Ehsan Masood looks back at eight eventful years editing Research Fortnight, and risks some predictions for the next decade.

I can still remember my first day at Curtain House, a converted Victorian furniture factory in Shoreditch that has been Research Fortnight’s home since 1994. It was September 2009, and coming back to a newsroom was a welcome relief, as I’d spent much of the previous decade writing and reporting from hotel rooms or conferences in the developing world.

Equally reassuring was the thought that my colleagues and I wouldn’t need to second-guess the authorities when making editorial decisions.
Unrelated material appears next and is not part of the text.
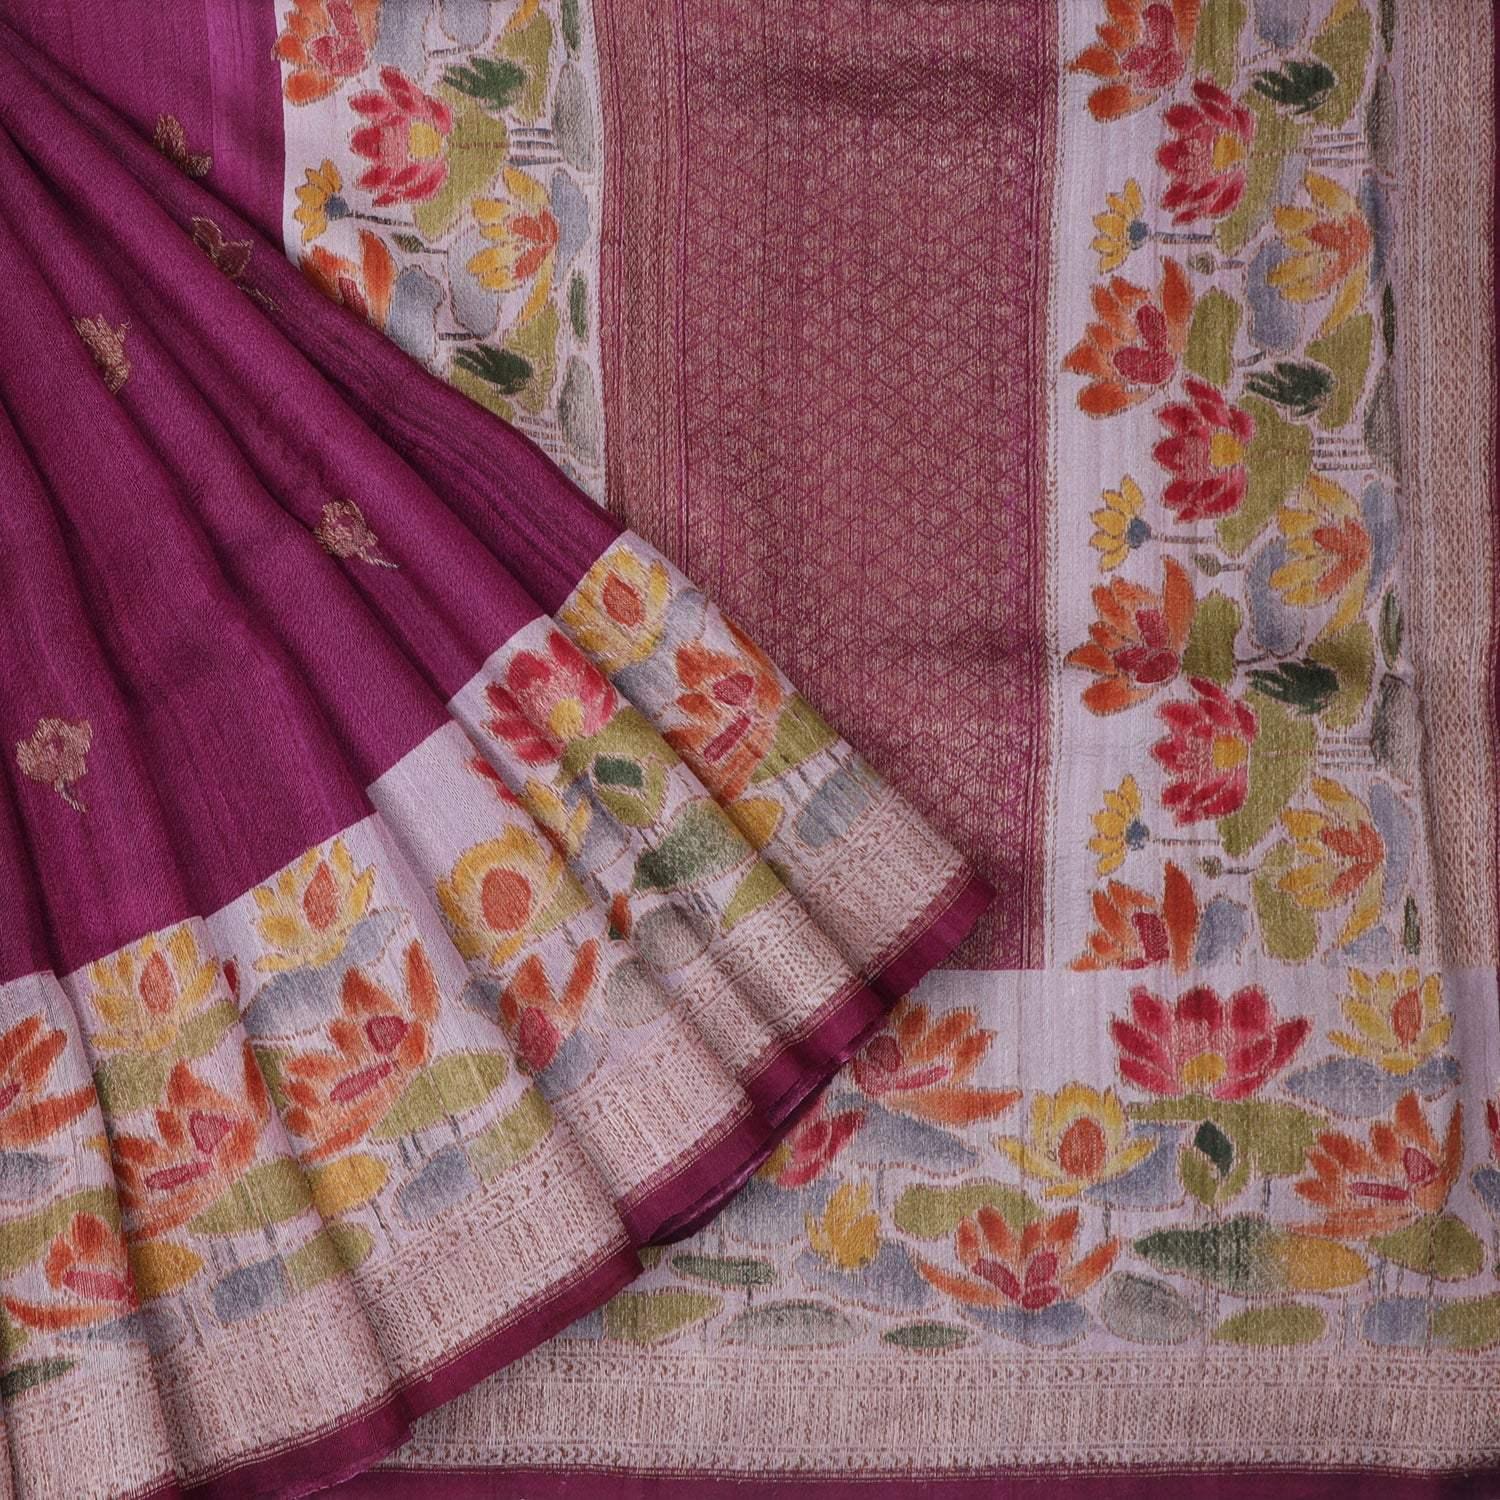 magenta-pink-tussar-banarasi-silk-handloom-saree-with-floral-motifs

For all of the problems inherent in Western democracies, the freedom to think, to speak, to write and to question those whom we elect to govern seemed inviolable.
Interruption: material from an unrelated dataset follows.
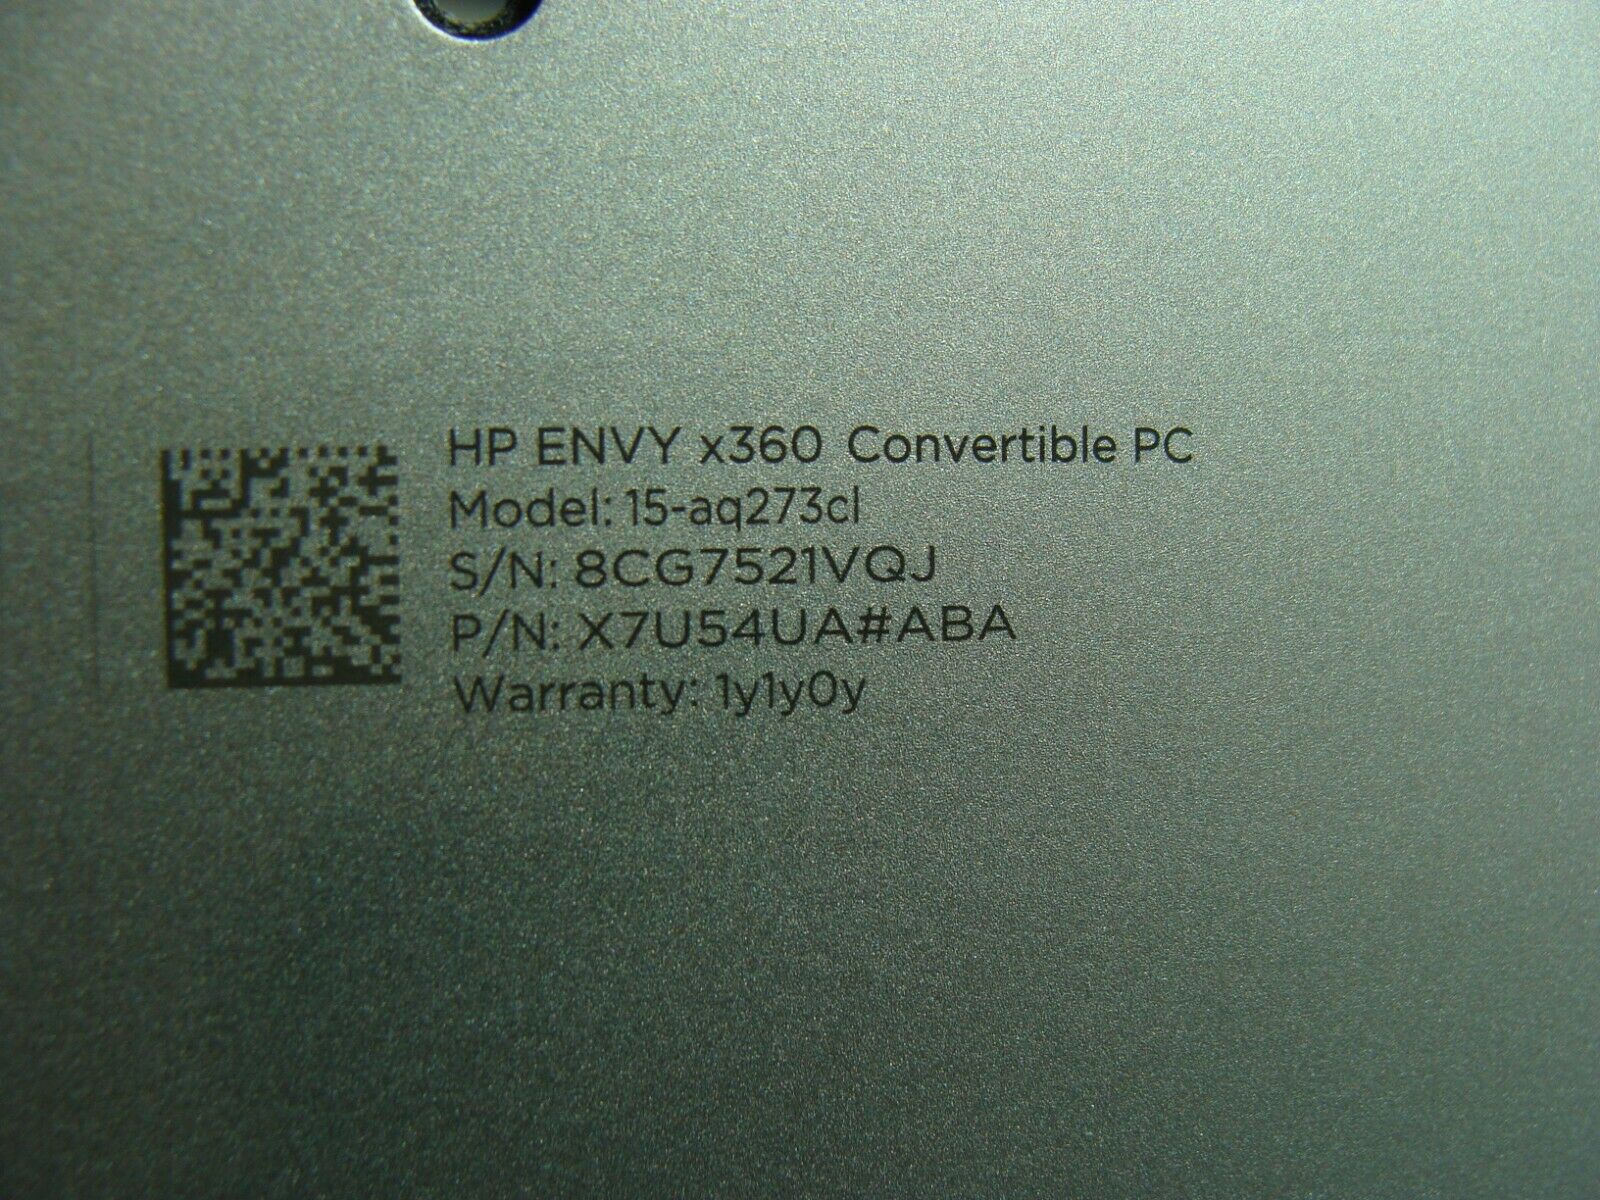 HP Envy 15.6

That thought now seems naïve. Writing from the United States, where I now work as a research fellow at the Massachusetts Institute of Technology, I have a ringside seat as the president pours forth a daily torrent of tweets attacking his nation’s news outlets.
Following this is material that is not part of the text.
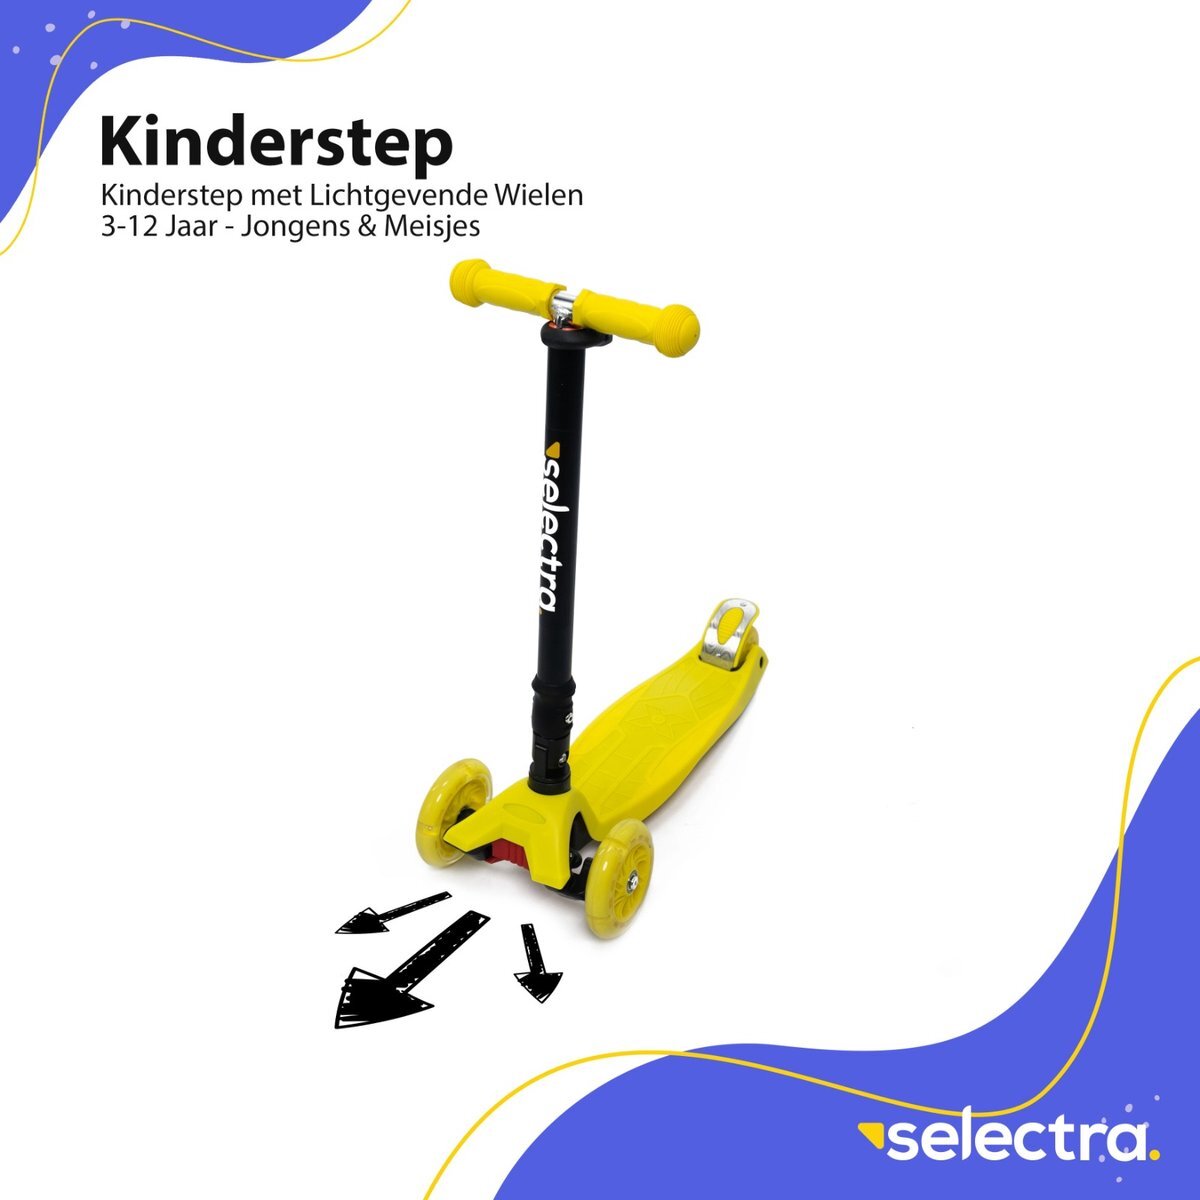 Grace uitglijden patroon Selectra kinderstep met 4 lichtgevende wielen – Kick step voor kinderen van  3 t/m 9 jaar – Led scooter met click and ride functie - Geel buiten- speelgoed kopen? | Kieskeurig.nl | helpt je kiezen

Recent developments in the UK also prove, if proof were needed, that journalistic forecasting is a risky business. If asked in 2009, I doubt I would have predicted that the next eight years would include three general elections, one referendum on Scottish independence and another on Brexit, Theresa May as a weak prime minister and Jeremy Corbyn at the helm of a popular and unashamedly left-wing Labour Party. 

So, bear that in mind when reading what follows. Most journalistic forecasts end up being wrong. Even those that are right tend to be so for reasons different to those originally stated.

Big data is the big issue

Some things have not changed all that much in the past eight years. The fallout from the financial crisis dominated politics on both sides of the Atlantic in 2009, and its aftershocks continue to this day.

Other things have changed beyond recognition. Ever-greater computing power has enabled data gathering and manipulation to a degree unimaginable even a decade ago. The possibilities of big data have been a constant theme of research-policy news in the opening years of the 21st century. 

These two issues are more closely linked than they might first appear. As the Financial Times journalist Gillian Tett describes vividly in her book Fool’s Gold, the crash itself was a failure of big data.

The banks and their ranks of mathematics and physics PhDs created models that sought to predict when a borrower would default on his or her loan. Thinking that the models were infallible, most banks dispensed with more traditional due diligence and lent money to large numbers of people who were not able to repay what they owed. When defaults began to kick in, only a very small number of experts were able to spot that there was a problem, and fewer still could fix the crisis that was to follow.

Societies, companies and governments have yet to learn the lesson. There are risks as well as opportunities every time someone hails an Uber ride or lets a bank share his or her credit history with a third-party company such as the credit-rating agency Equifax. The recent hack of Equifax shows that when something does go wrong, society’s reliance on large datasets can have severe consequences.

A decade on, society is much more reliant on black-box models powered by big data than it was in 2007. Just as in 2007, those who know how these models are built, what goes into them and what their limitations might be are thin on the ground. That should worry everyone.

Don’t write off the far right

Considering the fallout of the crisis, those who have written off the UK’s far right could be in for a shock. Both Shoreditch liberals and rural squires have been happy to watch the UK Independence Party implode. But Nigel Farage, and the coalition he assembled and then nurtured for more than two decades, are not about to vanish.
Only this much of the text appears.